NComputing in the Third World – Why we need other alternatives

At the start of 2012, all schools in Uganda had to implement a government directive to teach ICT as a compulsory subject at A’ Level. Many schools in Uganda didn’t have computers while those that had fell short of the large numbers of students in the class.

The obvious solution for the schools was to procure more computers to match the large numbers of students that were to offer ICT as an option to fulfill the government’s directive – this was an expensive project to undertake, especially at short notice.

The government, in its efforts to arrest the situation undertook the task of providing computers to all government aided schools as fast as possible. If I remember well, a decent desktop in 2012 cost around UGX 1,200,000/= (2,400 USD then). This meant that a computer lab of around 40 user stations would cost around UGX 48,000,000/= (USD 200,000 then).

Those behind the project must have sat down and figured out how best they would lower the acquisition costs assuming Uganda had around 3,000 centers. This is how the option of Ncomputing came in.

NComputing has a really enticing explanation of why you should choose them. According to the NComputing website, “Servers and thin clients cost less to acquire than an army of PCs. Thin clients use less energy, generate a fraction of a PCs fan noise and heat, and greatly reduce the need for hands-on support. Even use existing PCs past their expiration dates via software clients.” A Ganda saying goes, “Bwova kw’ono, odda ku wa ngatto.” – a strong statement to show you that no other option beats this.

But as a technician who has interacted with users of NComputing since 2012, the story is far from rosy. Around 2012, Schools labs in Uganda were furnished with NComputing technology i.e. X550 and U170 to be precise.

First, technical support was not readily available. The official NComputing agents in Uganda (Intelligent Solutions Ltd.) provided support but at exorbitant rates – in dollars to be precise.

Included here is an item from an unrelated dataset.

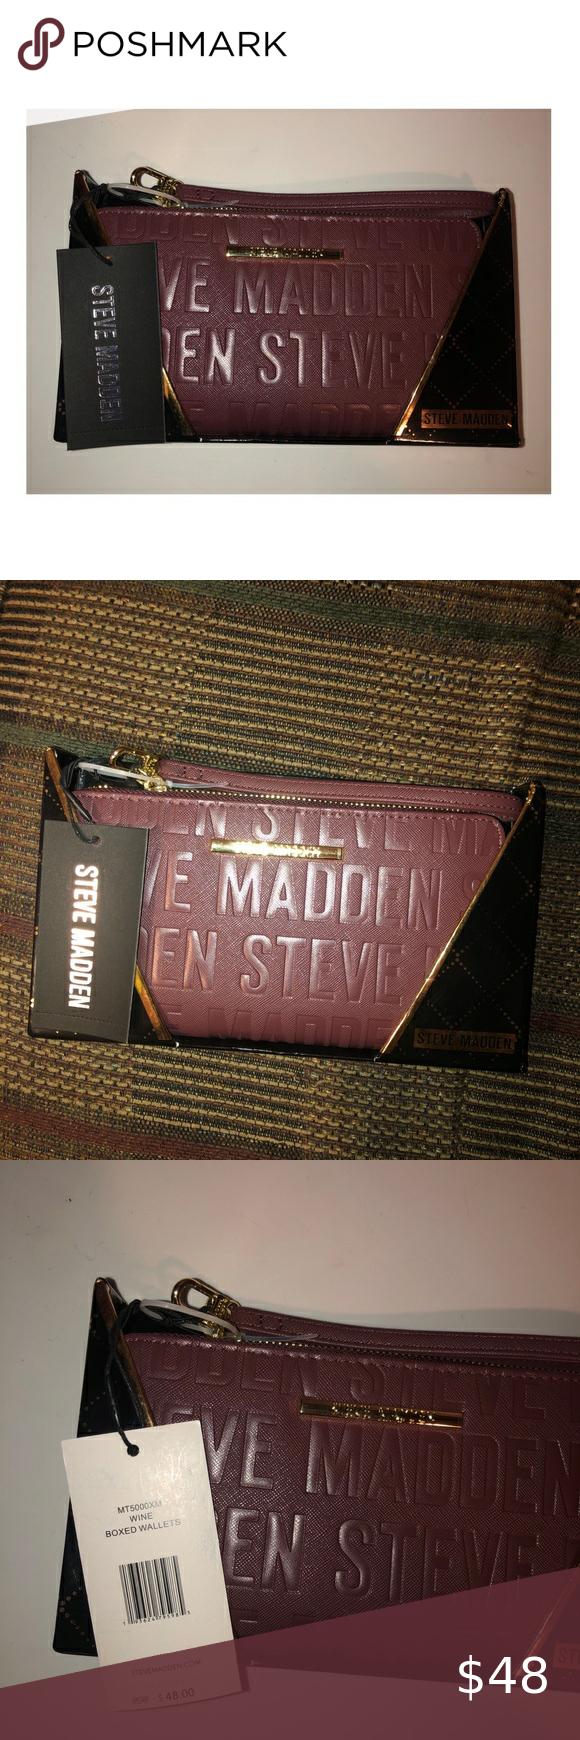 Nwt Steve Madden Wine Stamped Logo Wallet Steve Madden Wallet Steve Madden Bags Striped Wallet
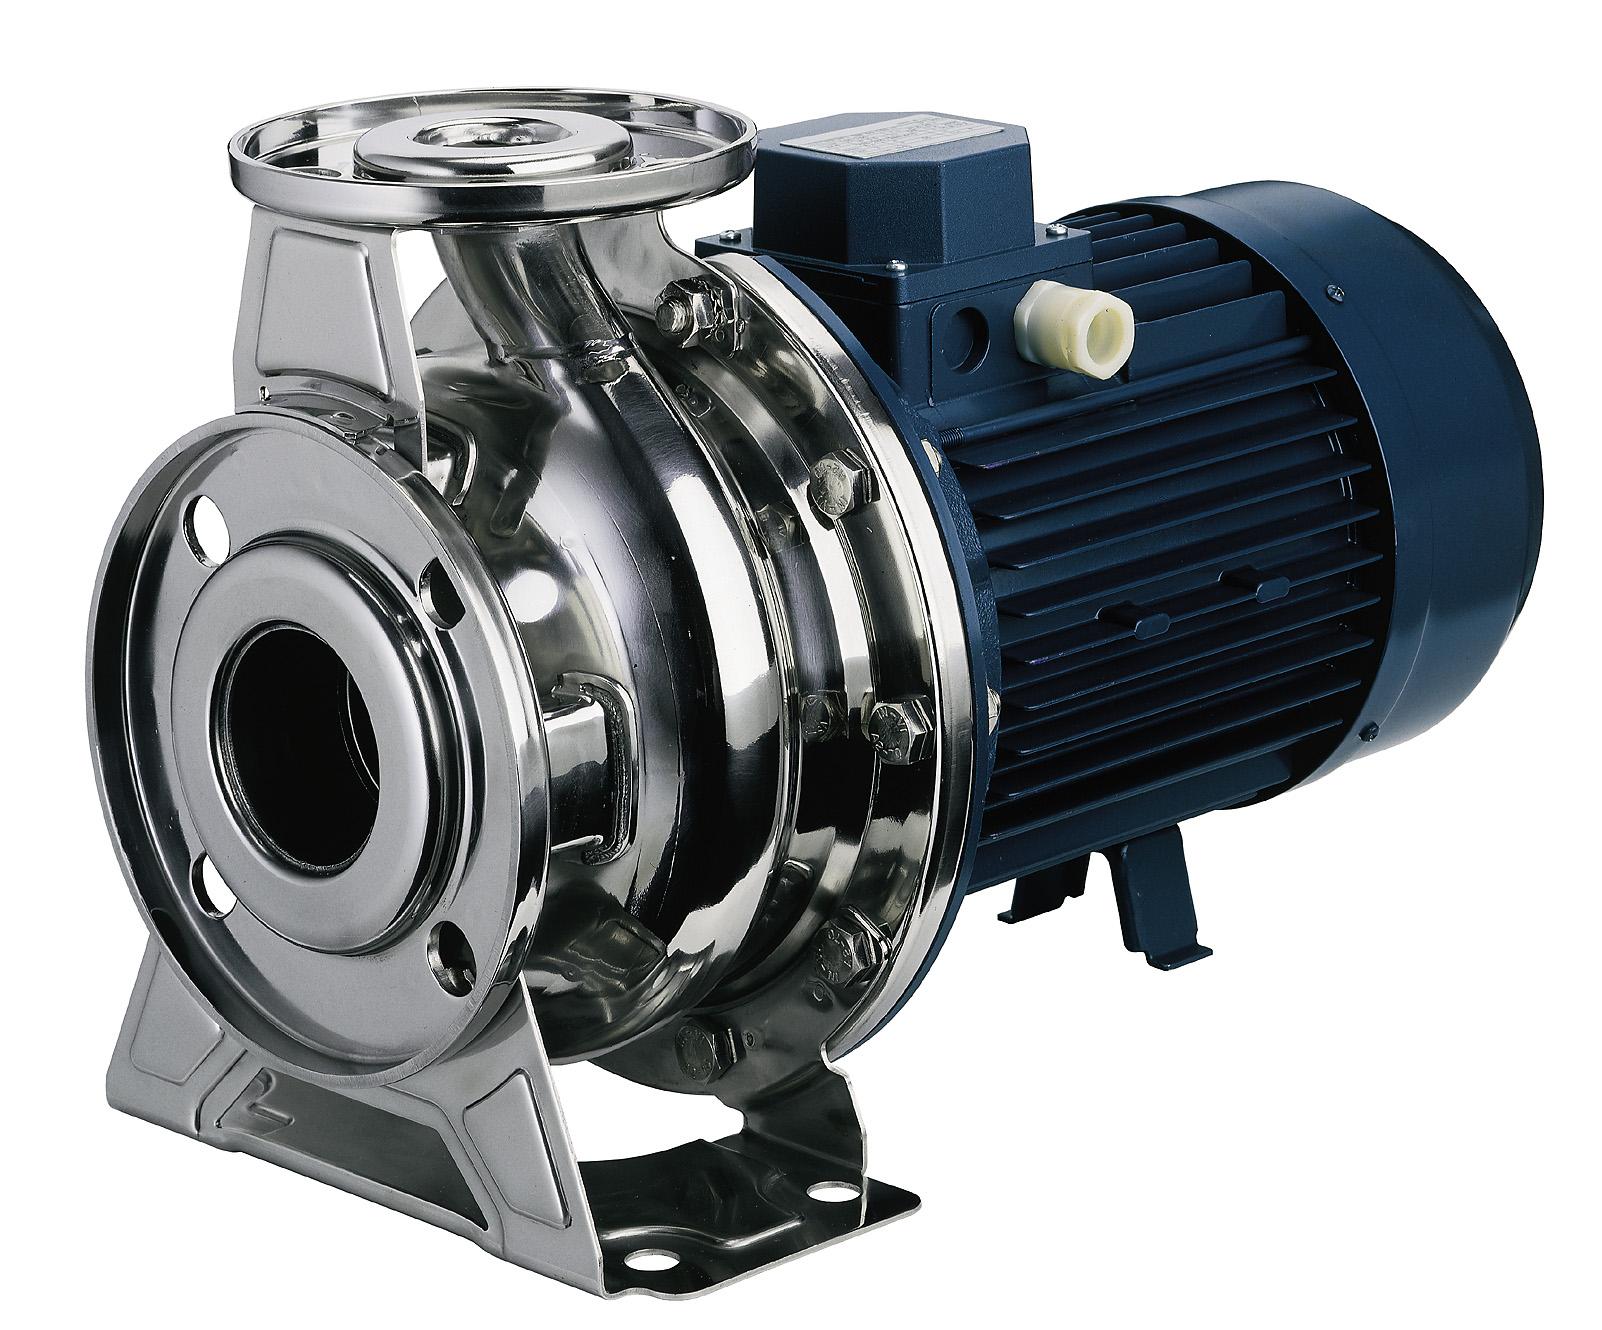 3M Monobloc Centrifugal Pumps, 2 pole - Ebara Pumps Australia

Secondly and more annoyingly, NComputing is governed by product life cycles, a policy that seems not to suit the third world. It is even more annoying that this policy is not clearly displayed in or anywhere near the packaging.

When it comes to their vspace software, the inconvenience is even worse. First, you have to register over the internet every time you re-install. This means, much as you paid for the product, it literally isn’t yours. You can only use it when NComputing allows you to.

And that’s not all, the number of times you are allowed to register your gadgets is also limited. But there is some worse news – the software also has an end of life policy and it won’t work beyond specific dates. In fact, at a certain point, registering the software beyond a certain date requires you to incur a cost of 49 USD per server.

What this means is that if you bought their X550 gadget  on the last date (June 30th 2017) you may use it for only up to June 30th 2020 – an ashaming 3 years. Convincing the head of an institution that equipment procured a mere 3 years ago can no longer be used is every Lab Technician’s nightmare.

It is also worth noting that, given the extent of usage, and technical risks in a typical lab environment in a Ugandan school, a perfect lab condition will be maintained if you re-install the Operating System every term especially towards the UNEB examinations.

The terms of use of NComputing technology therefore don’t favour its deployment in third world countries since the rate of replacement is not practical for budget constrained institutions. The Government of Uganda, in order to maintain its initiative will have to purchase newer models of NComputing which will also have the same terms and conditions – something I don’t see the government doing.

What you may not even know is that their relatively newer version the M300 will be of no use by the time you choose to switch to it – it will most probably have come to its End of Life cycle. The newer MX series have a ‘toyish’ feel making it less appealing than the previous versions. But still then, of what use will it be to an institution if it will work for a few years before being discarded by the manufacturer.

In fact, of recent, the government has resorted to providing stand alone computers in some school labs – I think after someone took them through the burden of deploying NComputing.

What can NComputing do?
It is a fact that NComputing reserves the right to everything they manufacture and their preferred business model – yes. But I also believe they have the responsibility to create options for the third world economies. Someone should tell NComputing that in Africa, when you buy something, it becomes yours and no one should tell you when to stop using it.